Лайка пошла на мировую:
— Ладно, старшой, — каждое признание Обмылка начальником причиняло ей раздражение, вызванное мнимым умственным превосходством. — У нас нет другого выхода, кроме этого входа, — тень улыбки мелькнула и скрылась. — Мы не будем взрывать отсюда. Надо проникнуть внутрь, заминировать помещение и выйти другим коридором.
— Надо, — ехидно согласился Обмылок. — Ты сначала войди, а потом…
Он не договорил и бросился к двери, уловив новый звук.
— Молчать, — прошипел Обмылок так, что даже Зевок закаменел, уподобившись зверю, который припал к земле, думая прыгнуть.
— Еще одна дверь, — донеслось из скалы.
При звуке этого голоса нательные волосы Обмылка, приутюженные и обузданные скафандром, ожили и попытались подняться дыбом.
— Открываем, — продолжил сосредоточенный голос.
Обмылок отпрыгнул, попятился, наводя орудие смерти на массивное колесо, которое вдруг провернулось. Дверь осторожно приотворилась; хлынул свет. Толстый дверной овал отошел сперва на полметра, затем распахнулся настежь — резко, слепя отряду глаза. На пороге обозначился Голлюбика; Вера Светова и Наждак шли следом. Они были настороже, они приготовились к худшему.

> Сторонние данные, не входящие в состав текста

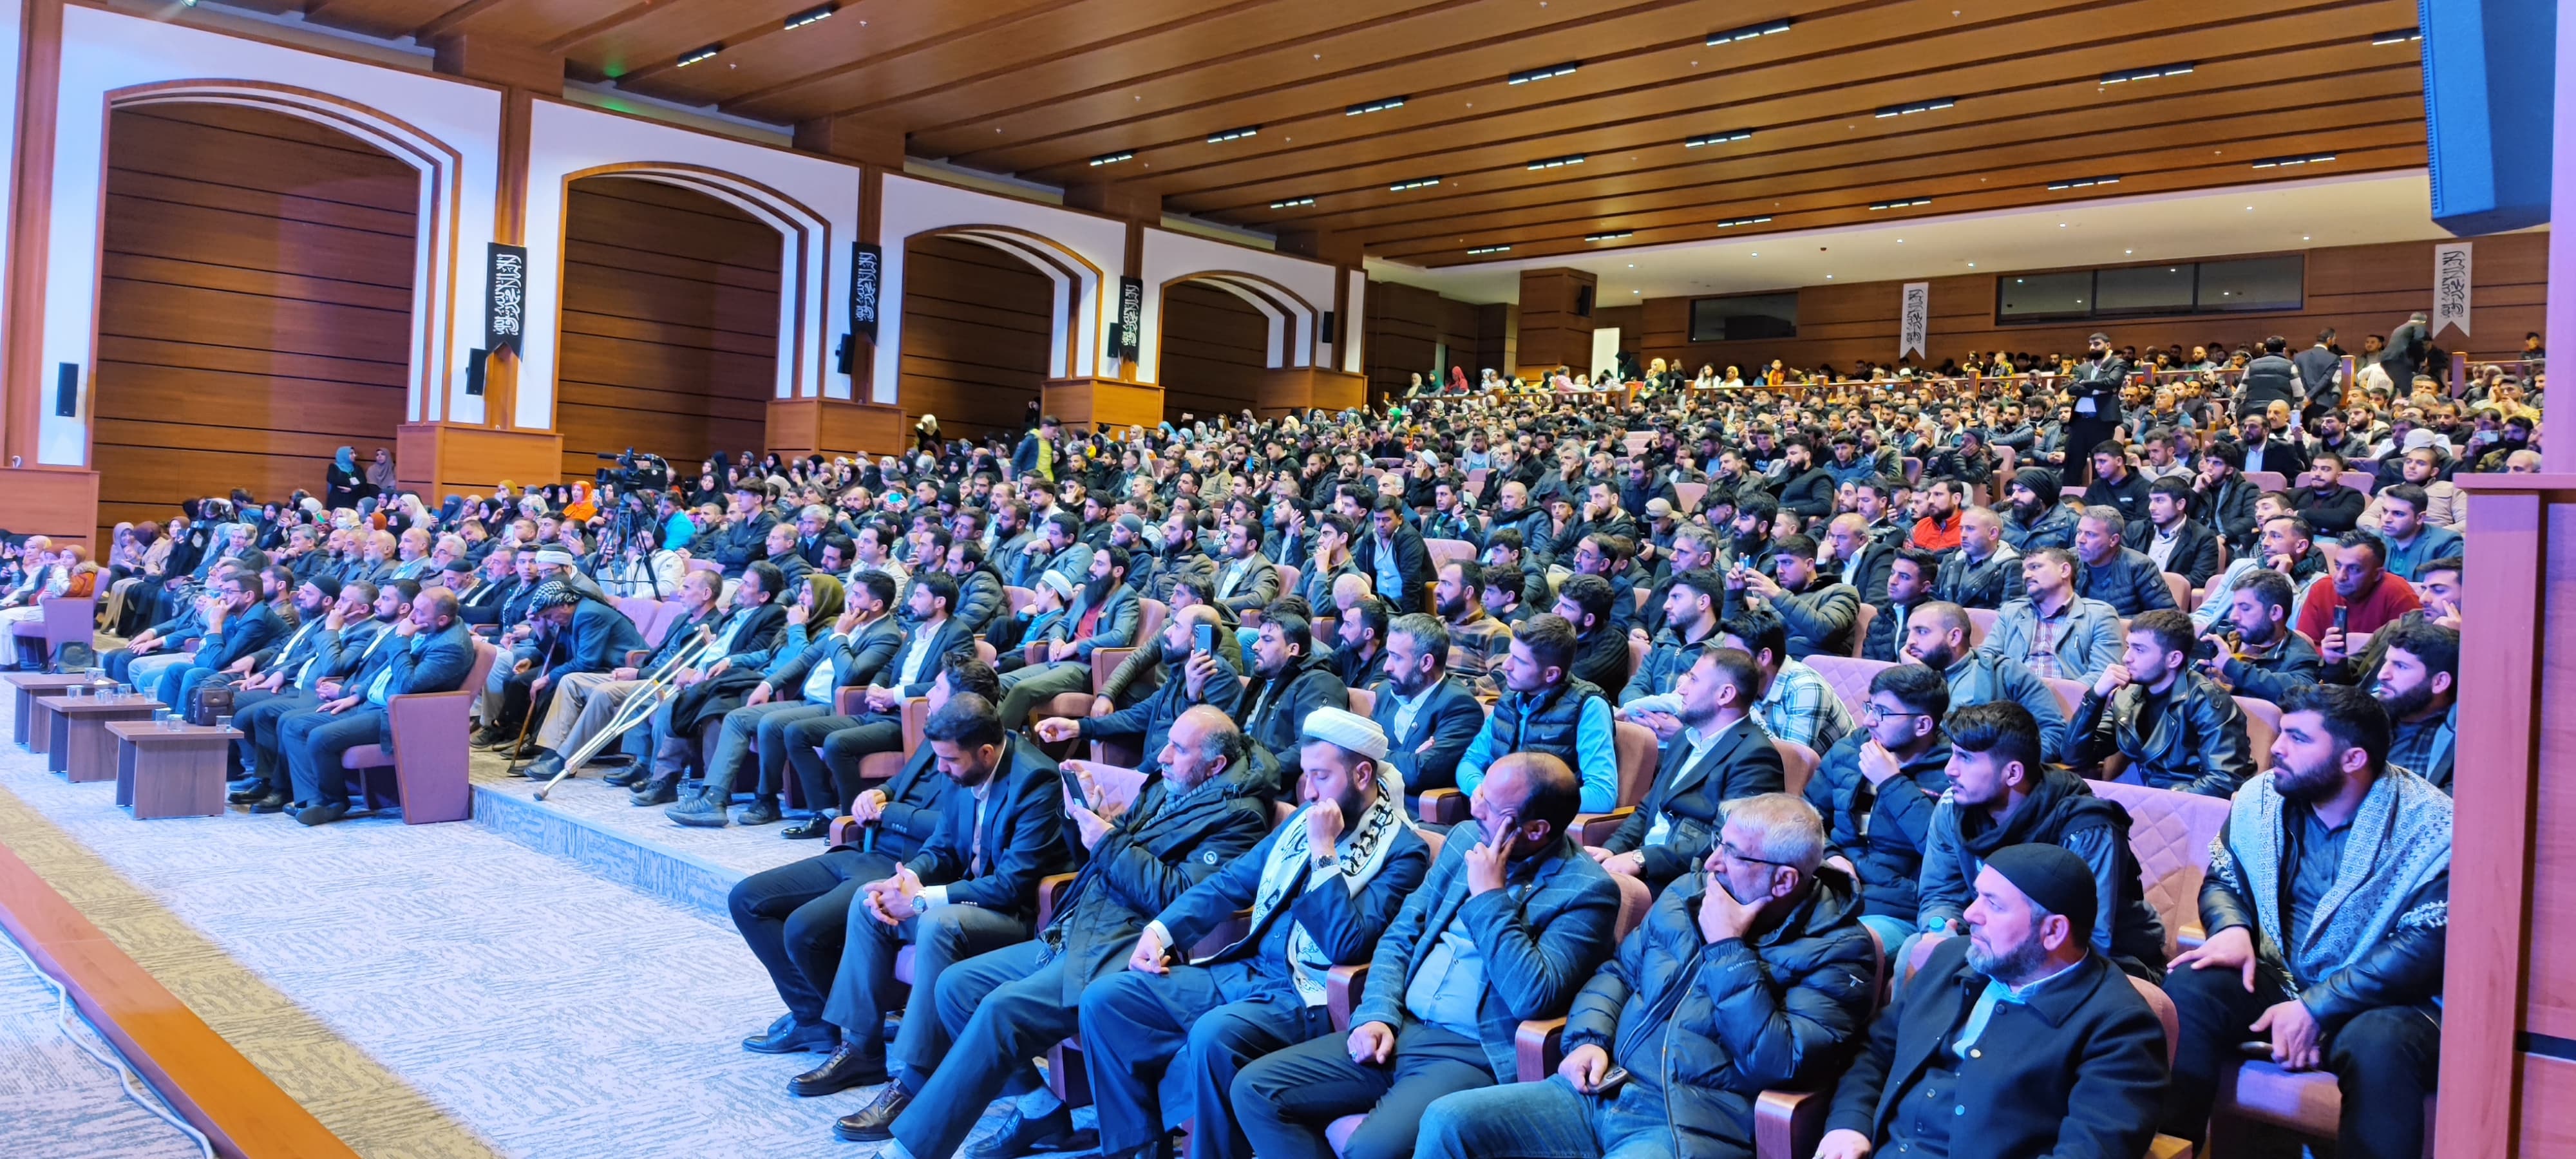 Köklü Değişim, Diyarbakır’da Düzenlediği Konferansta “Hilafet”i Konuştu, Genel-5.jpeg

Как получилось, что два отряда, столь неожиданно столкнувшиеся носами, не уничтожили себя в братоубийственном и скоротечном огневом контакте? И первые, и вторые готовы были бить на поражение без малейшей заминки — за исключением одного-единственного случая, не предусмотренного рассудком; вернее, предусмотренного, но высокомерно неучтенного. Зато подсознание не дремало и отказалось выстрелить в собственное зеркальное отражение. Бить зеркала — дурная примета, нашептывало оно, баюкая гневный разум.
«Разбитое зеркало — к покойнику», — любил говаривать генерал-полковник Точняк по поводу и без повода; дела развернулись так, что суеверная примета наполнилась буквальным смыслом.

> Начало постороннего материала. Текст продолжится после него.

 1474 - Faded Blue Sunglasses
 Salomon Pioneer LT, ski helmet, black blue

Наполнилось и самое подземелье — змеиным шипением, в которое преобразовалась присказка, искавшая себе материальных звуковых форм. «Зенит» и «Надир», напоминая освирепевших котов, волею судьбы собранных в стаи: уши прижаты, глаза сощурены, клыки обнажены. Их будущность повисла на волоске, но верно сказано, что красота спасет мир. «Стойте!» — Вера Светова нашла в себе силы вострубить в тот самый последний, предсмертный миг, когда зеркальные страхи посторонились, освобождая пространство для шума и ярости.
— Да, стойте, — подхватила Лайка, не сводя ревнивого, испепеляющего взора с благообразной соперницы.
— А ведь я тебя предупреждал, Обмылок, — сказал Ярослав Голлюбика будничным тоном. — Я намекал тебе, что моя возьмет. Все могло кончиться быстрым и безболезненным добром, но ты подался в бега.
Последние слова Голлюбики прозвучали настолько фальшиво, что даже враг на секунду расслабился и улыбнулся. Напряжение немного снизилось. Обмылок, не опуская оружия, шагнул вперед, но Голлюбика, улыбаясь ответно, погрозил ему пальцем.
— Я никак не ждал такого сюрприза, — признался Голлюбика и демонстративно вложил пистолет в кобуру. Он угрожающе поиграл пальцами, как бы разминая их. — Голыми руками, — доверительно сообщил Ярослав. — Я с удовольствием задушу гадину в ее собственном гнезде.